Expansion et diversité floristique des mangroves lors des maxima thermiques

Résultat scientifique Terre Solide

Les végétaux peuplant les mangroves sont d’excellents indicateurs de l’expansion latitudinale des milieux tropicaux. Dans le prolongement de notre découverte au Pôle Nord d’une mangrove exclusivement peuplée par le palétuvier Avicennia entre 56 et 40 millions d’années1 , nous avons recherché comment la diversité floristique des mangroves s’était déployée lors des trois maximas thermiques des 60 derniers millions d’années. Pour répondre à cet objectif, nous avons extrait, identifié et dénombré les grains de pollen de dix-huit dépôts sédimentaires (forages et affleurements) distribués du Nord au Sud en Atlantique et en Méditerranée en fonction de leur paléolatitude, datant respectivement de 56 Ma (Paleocene-Eocene Thermal Maximum, PETM), 54-49 Ma (Early Eocene Climatic Optimum, EECO) et 17-14 Ma (Mid-Miocene Climatic Optimum, MMCO). Deux seuils latitudinaux ont été mis en évidence à l’Eocène inférieur, vers 65-70°N et 35°N, qui délimitaient trois types de mangroves similaires aux mangroves actuelles : au Nord, une mangrove constituée seulement par le genre Avicennia ; en situation intermédiaire, une mangrove modérément diversifiée mais numériquement chétive ; au Sud, une mangrove très diversifiée et dense. Ces seuils paléogènes correspondent à des inflexions dans les températures de surfaces terrestre et marine, peut-être dues à des différences d’insolation.

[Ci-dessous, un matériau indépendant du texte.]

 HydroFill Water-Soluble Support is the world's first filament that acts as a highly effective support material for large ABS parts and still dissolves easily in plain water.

Aujourd’hui, la mangrove appauvrie à Avicennia parvient à s’extraire de 9° en latitude de la mangrove diversifiée, supportant des températures plus basses. A l’Eocène inférieur et au Miocène moyen, cette limite d’expansion latitudinale atteignait 10 à 15°, c’est-à-dire avec un écart latitudinal de même ordre ou légèrement supérieur à celui qui est observé actuellement. Nous montrons aussi que l’individualisation des deux provinces actuelles de mangroves (atlantique–est-pacifique et indo–ouest-pacifique) est intervenue progressivement à partir de l’Eocène moyen. Enfin, nos résultats paléobotaniques soutiennent l’hypothèse de l’origine téthysienne des mangroves par rapport à une origine supposée en Asie du Sud-Est fondée sur leur diversité floristique actuelle.

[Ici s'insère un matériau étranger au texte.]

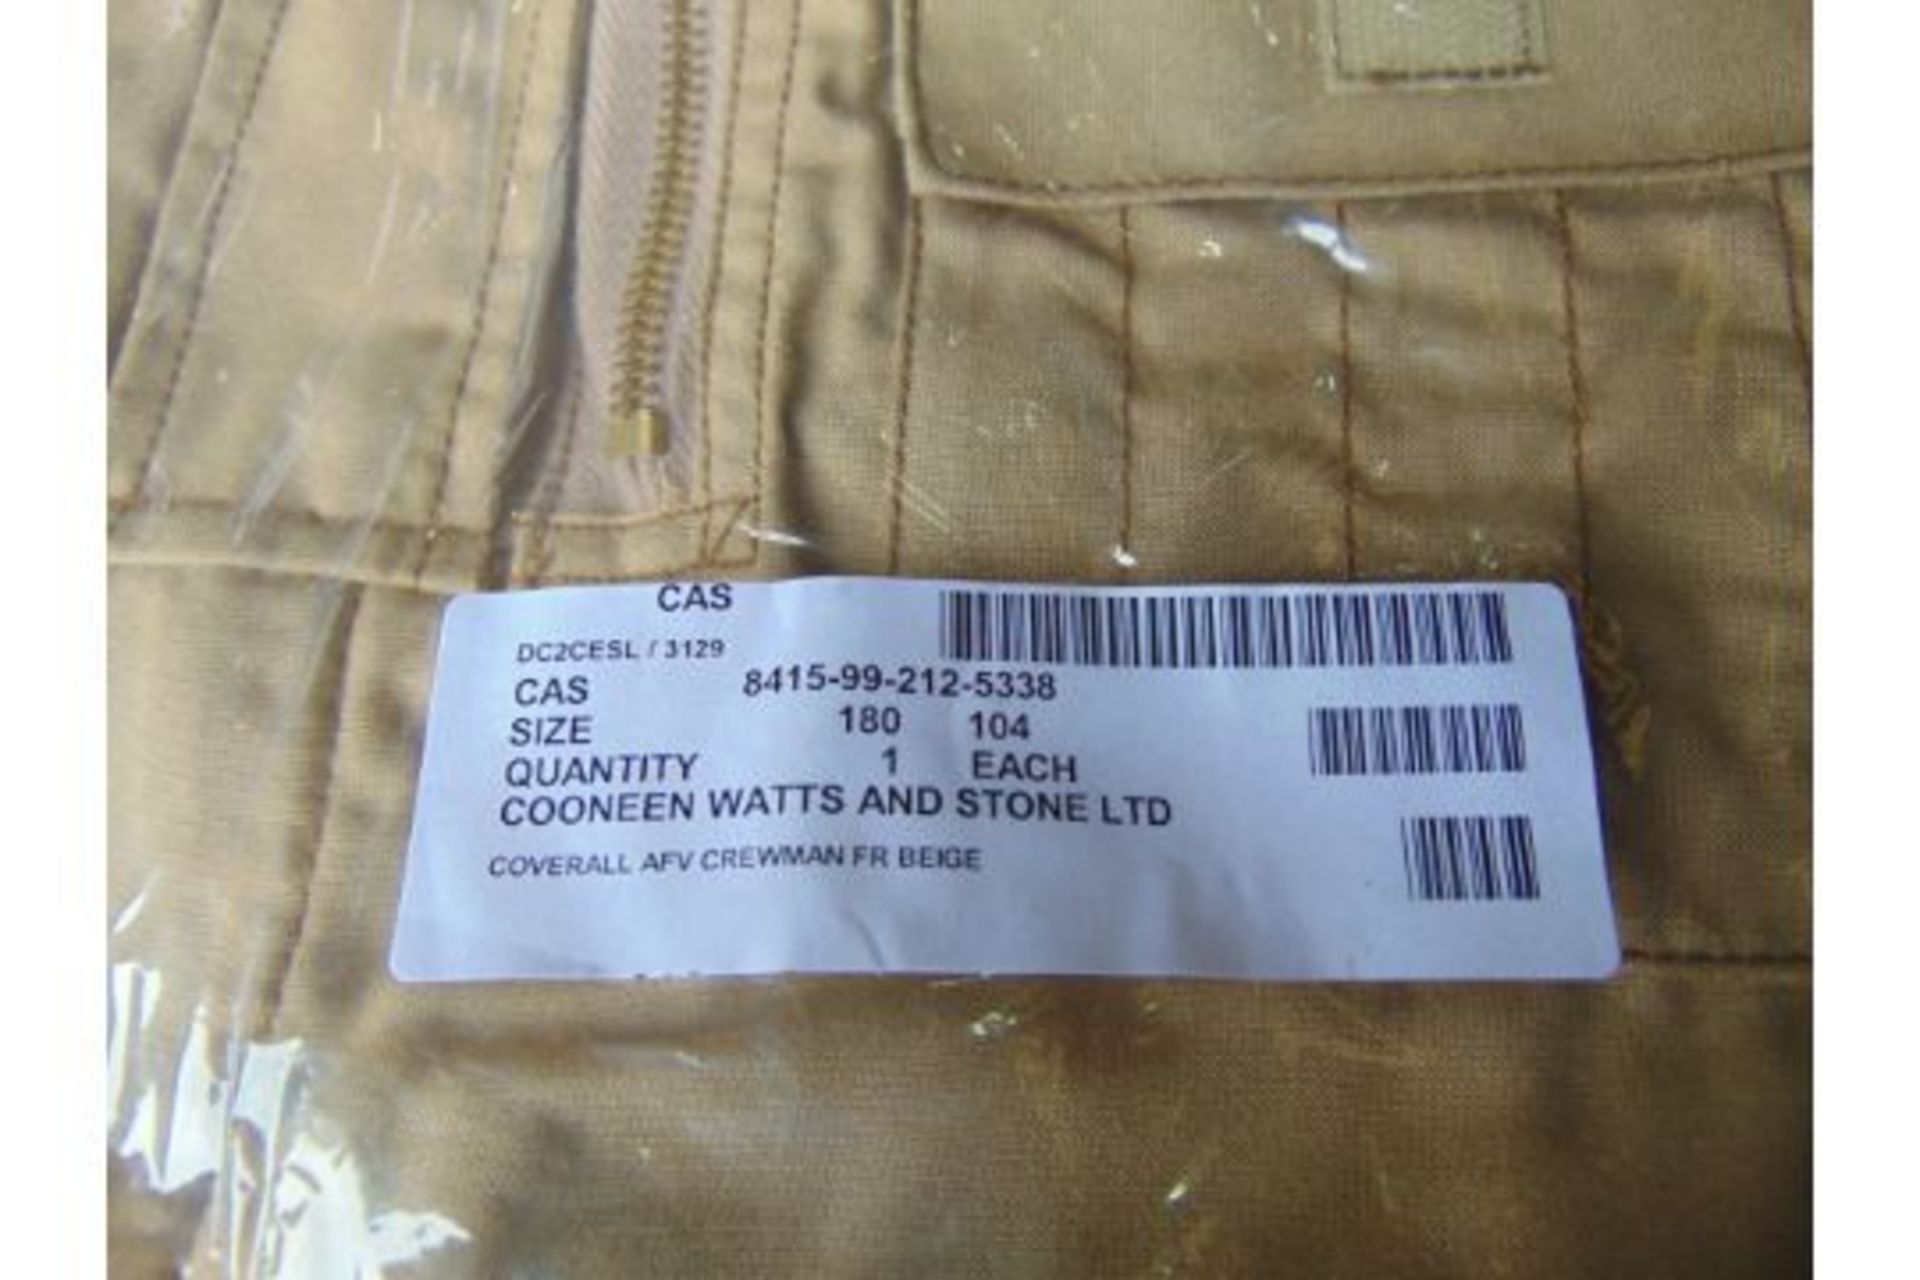 2 x New Unissued AFV Crew mans Coverall in Original Packing - Image 3 of 6

  • 1https://www.insu.cnrs.fr/fr/cnrsinfo/une-mangrove-au-pole-nord-il-y-50-millions-dannees
Les trois types de mangroves à l’Eocène inférieur définis selon leur diversité floristique et l’abondance relative de leurs grains de pollen dans les dépôts sédimentaires situés sur la carte paléogéographique.© S.-M. Popescu

Pour en savoir plus

Mangrove distribution and diversity during three Cenozoic thermal maxima in the Northern Hemisphere (pollen records from the Arctic–North Atlantic–Mediterranean regions)

Popescu S.-M., Suc J.-P., Fauquette S., Bessedik M., Jiménez-Moreno G., Robin C., Labrousse L., 2021. Journal of Biogeography, 48, 2771-2784.

L’équipe collaborative à l’origine de ce travail, conduite par un chercheur d’une PME, inclut quatre scientifiques rattachés à l’INSU et deux chercheurs étrangers.